Why is it important to learn how to use your camera’s manual controls to shoot photos of your models?
Because when it comes to model photography, digital cameras are dumb as shit.
Your Dumbass Camera
The automatic modes in digital cameras – be they point-and-shoots, DSLRs, or the camera in your smartphone – are programmed for lifestyle photography. Dogs and toddlers and selfies and your food at that restaurant that was overhyped. They’re prepared for that kind of shit, and increasingly, excel at it.
But when we shoot our models against uniform backdrops, these smart-at-the-everyday auto modes lose their shit. The see a great swath of white and they think “OVEREXPOSED!” and so they underexpose.
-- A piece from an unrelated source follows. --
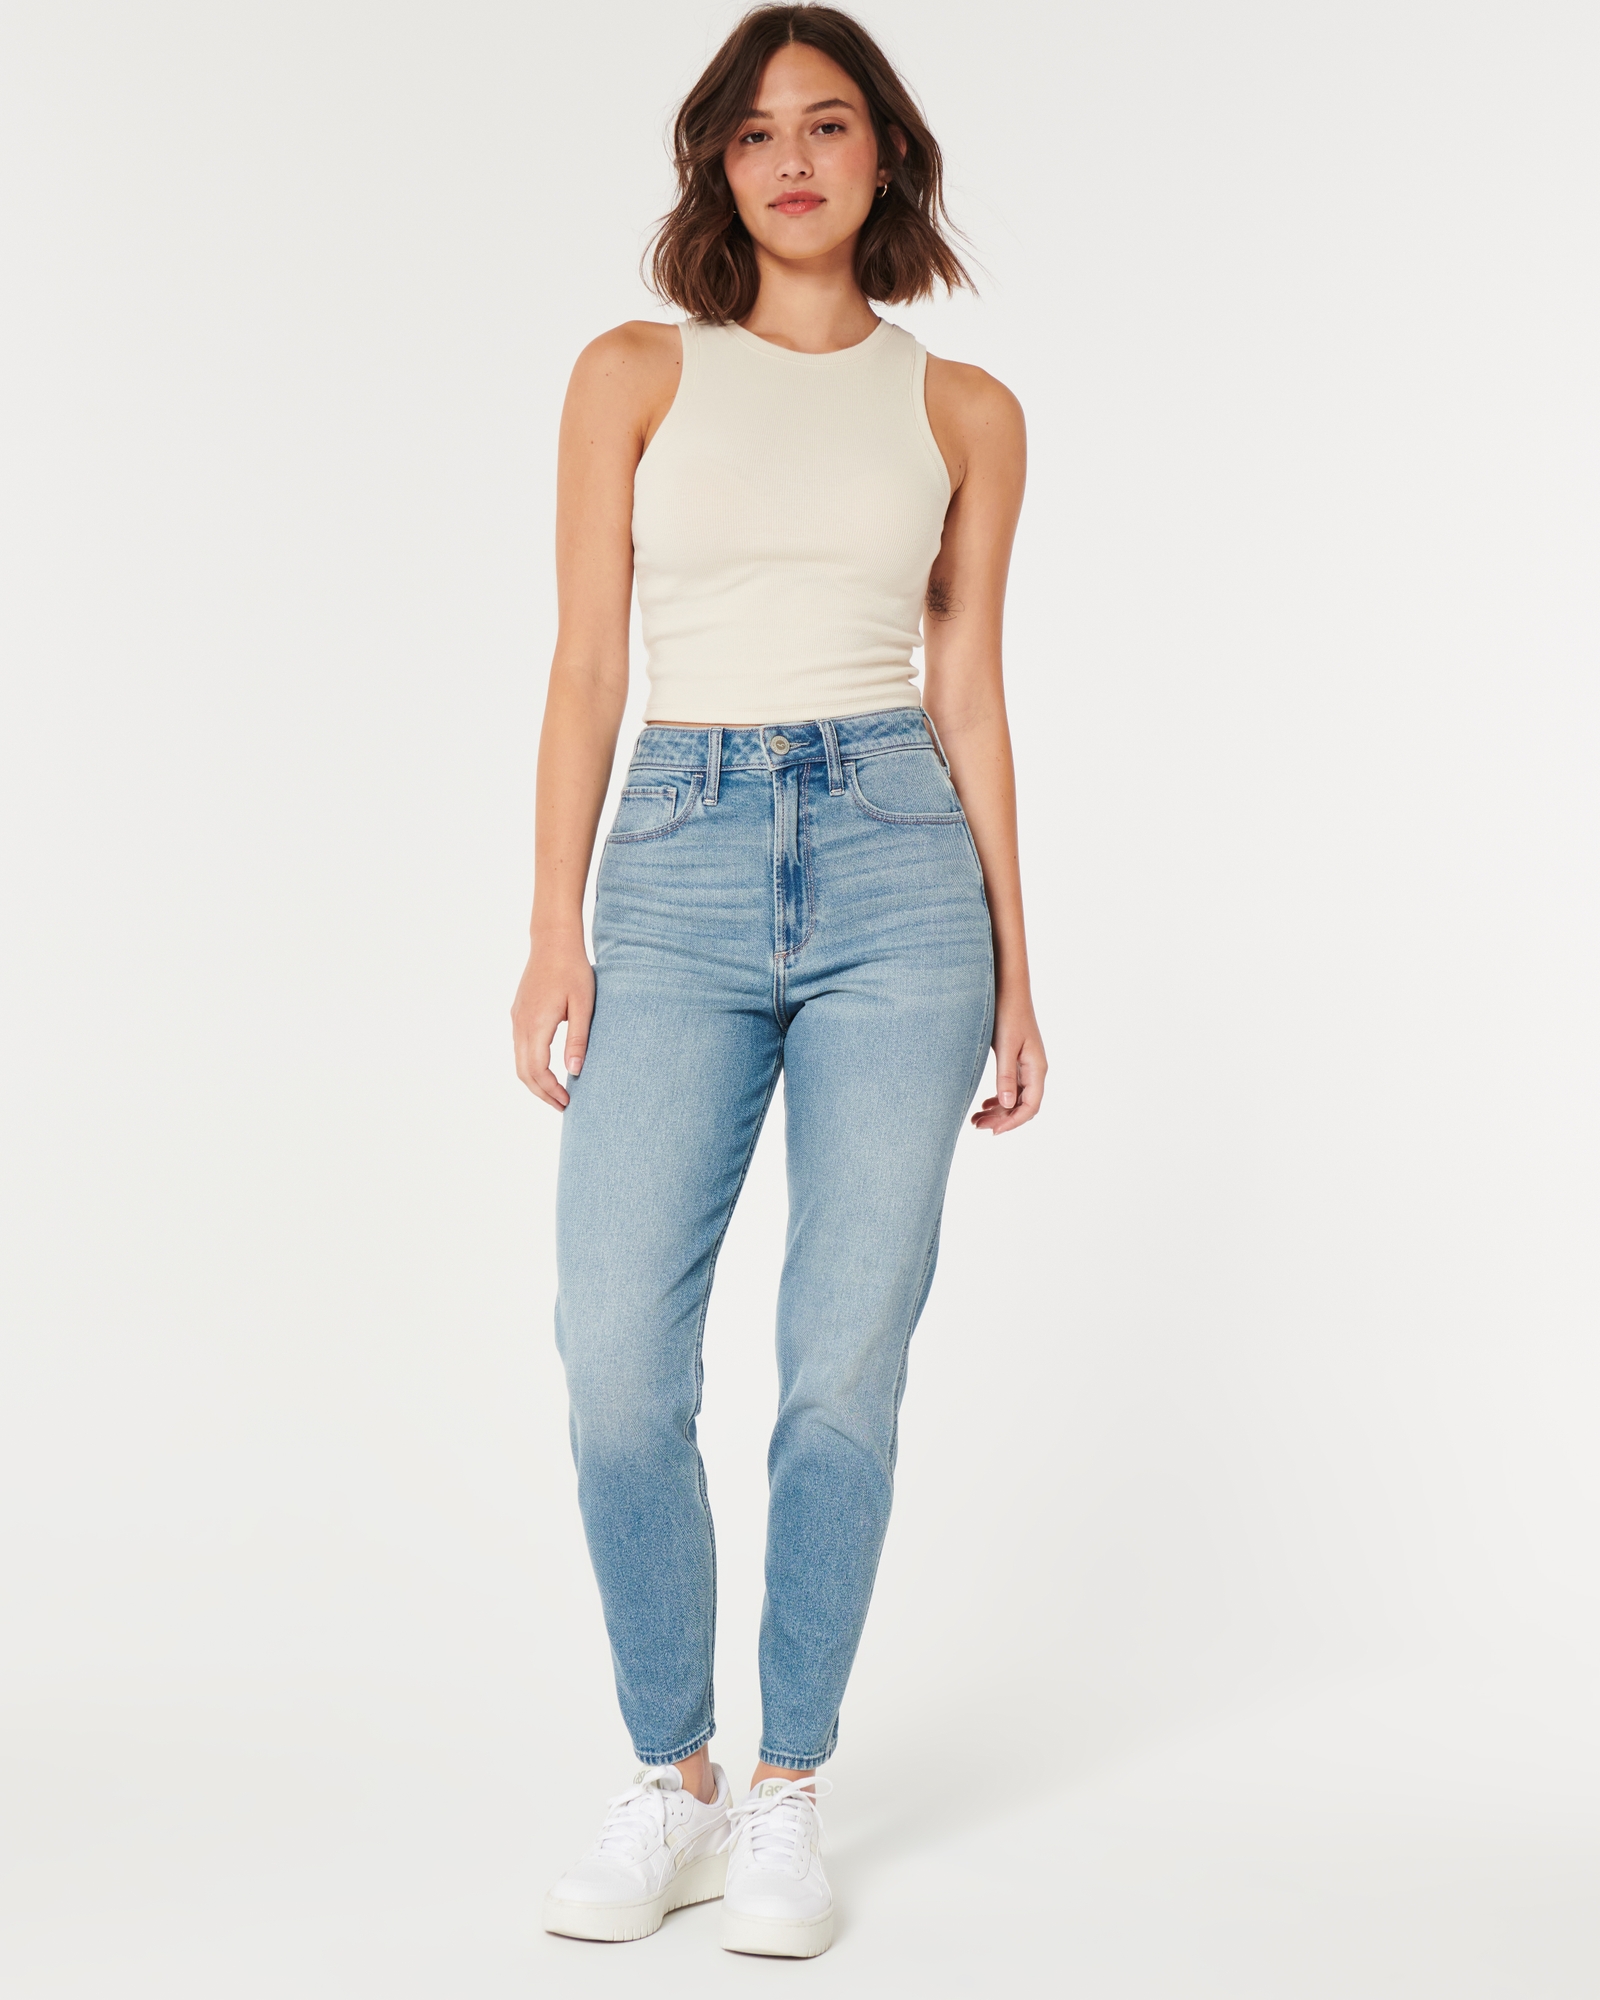 Women's Curvy Jeans, Mom, High & Low-Rise

Likewise, they see black and they overexpose.
This leaves you with photos that are either blown out or murky, depending on your backdrop of choice.
To demonstrate this, I took a few photos of the recently-completed X-Wing. Two with manual settings, and two with the camera flipped into aperture priority.
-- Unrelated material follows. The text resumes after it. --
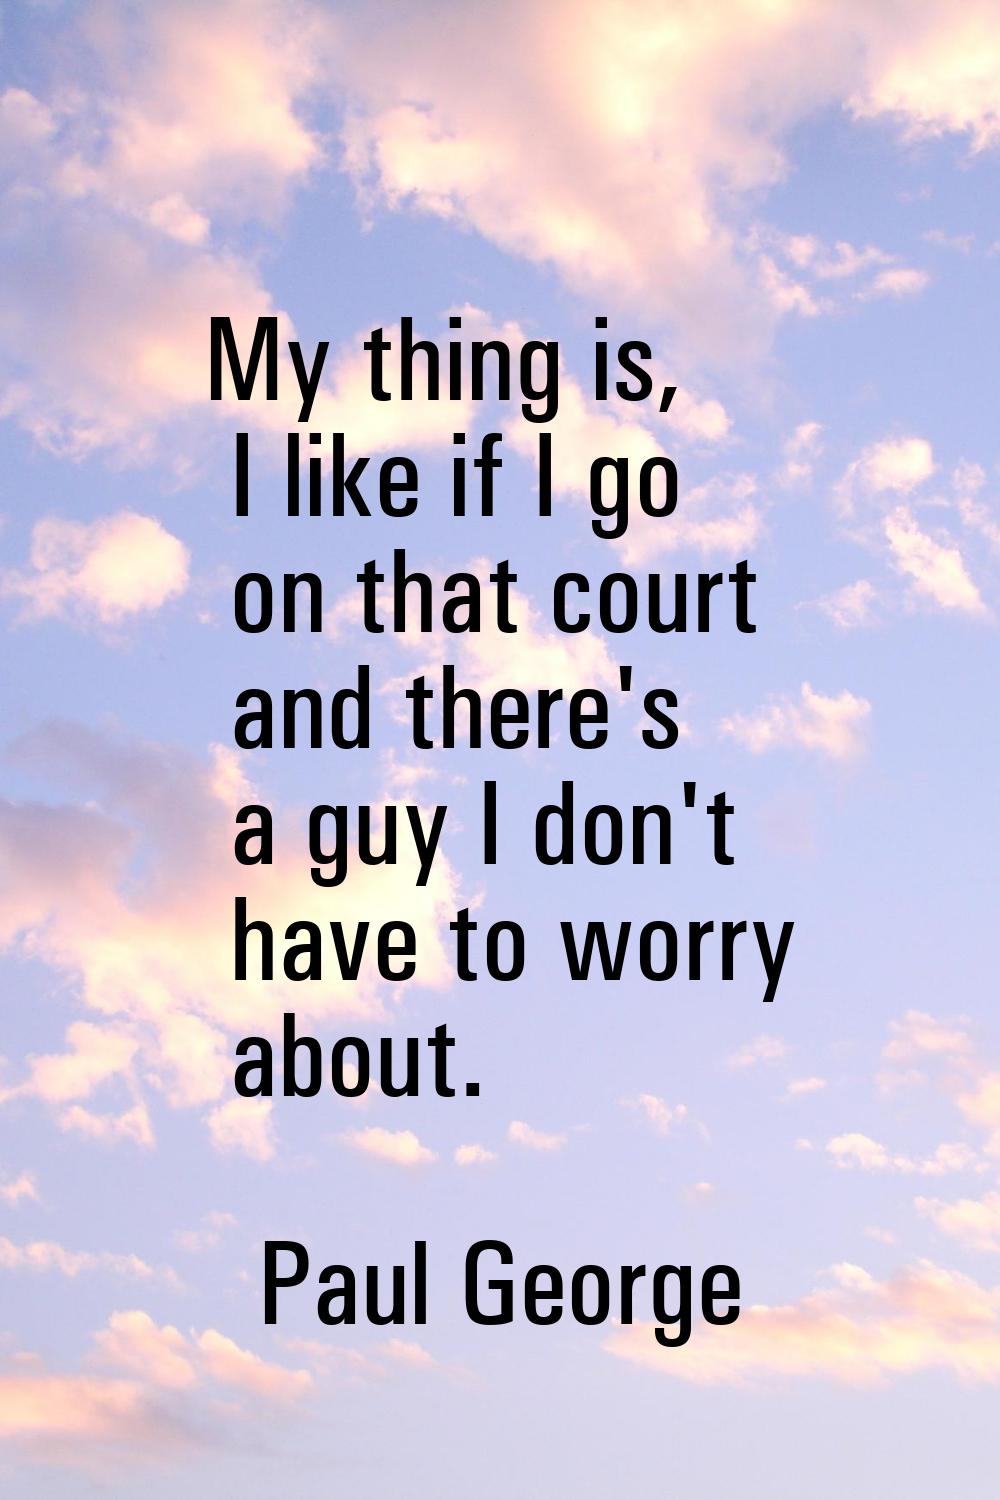 My thing is, I like if I go on that court and there's a guy I don't have to worry about.

With aperture priority, my aperture and ISO remain constant, but the camera is free to select the shutter speed it thinks is best.
White and Underexposure
In aperture priority, here’s what my Nikon decided to do with a white background.
Murky. Underexposed. Shit.
Now, with the camera flipped back into full manual control, I set the shutter speed to 1.6 seconds. Seems like forever, right? Well keep in mind that I’m shooting with a 60mm lens cranked all the way to f/32 (for greater depth of field for the MiG-23), and at such a small aperture, the camera needs a lot of light.
That’s more like it. Though the white background isn’t particularly flattering to the X-Wing.
Now, let’s look at black backgrounds.
Black and Overexposure
When a camera in an automatic or semi-auto mode sees the expanse of black backdrop, it thinks everything is too dark, and so it adjusts accordingly.
To overcome what it thought was severe underexposure, the Nikon went with a whopping 3-second exposure, and in so doing, blew out all the drama of the X-Wing.
Now, with manual control and back to the 1.6 second sweet spot:
That’s more like it. The black backdrop fades out, the highlights on the X-Wing are tamed, and the nuances of the grungy surface emerge.
Shoot in Manual!
When you’re shooting on a backdrop, do yourself a favor and shoot in manual. If you’re stuck with a smartphone, snag the Adobe Lightroom Mobile app and use its camera. You can’t do much with aperture, but you can control ISO, shutter speed, and exposure compensation. You can also shoot in RAW (well, in DNG, which is Adobe’s RAW format), and if you have Lightroom on your computer, you can set up automatic syncing and all that jazz.
And if you do have a real camera that has real manual controls, once you get them dialed in, you can come back to them over and over again with clean, predictable results.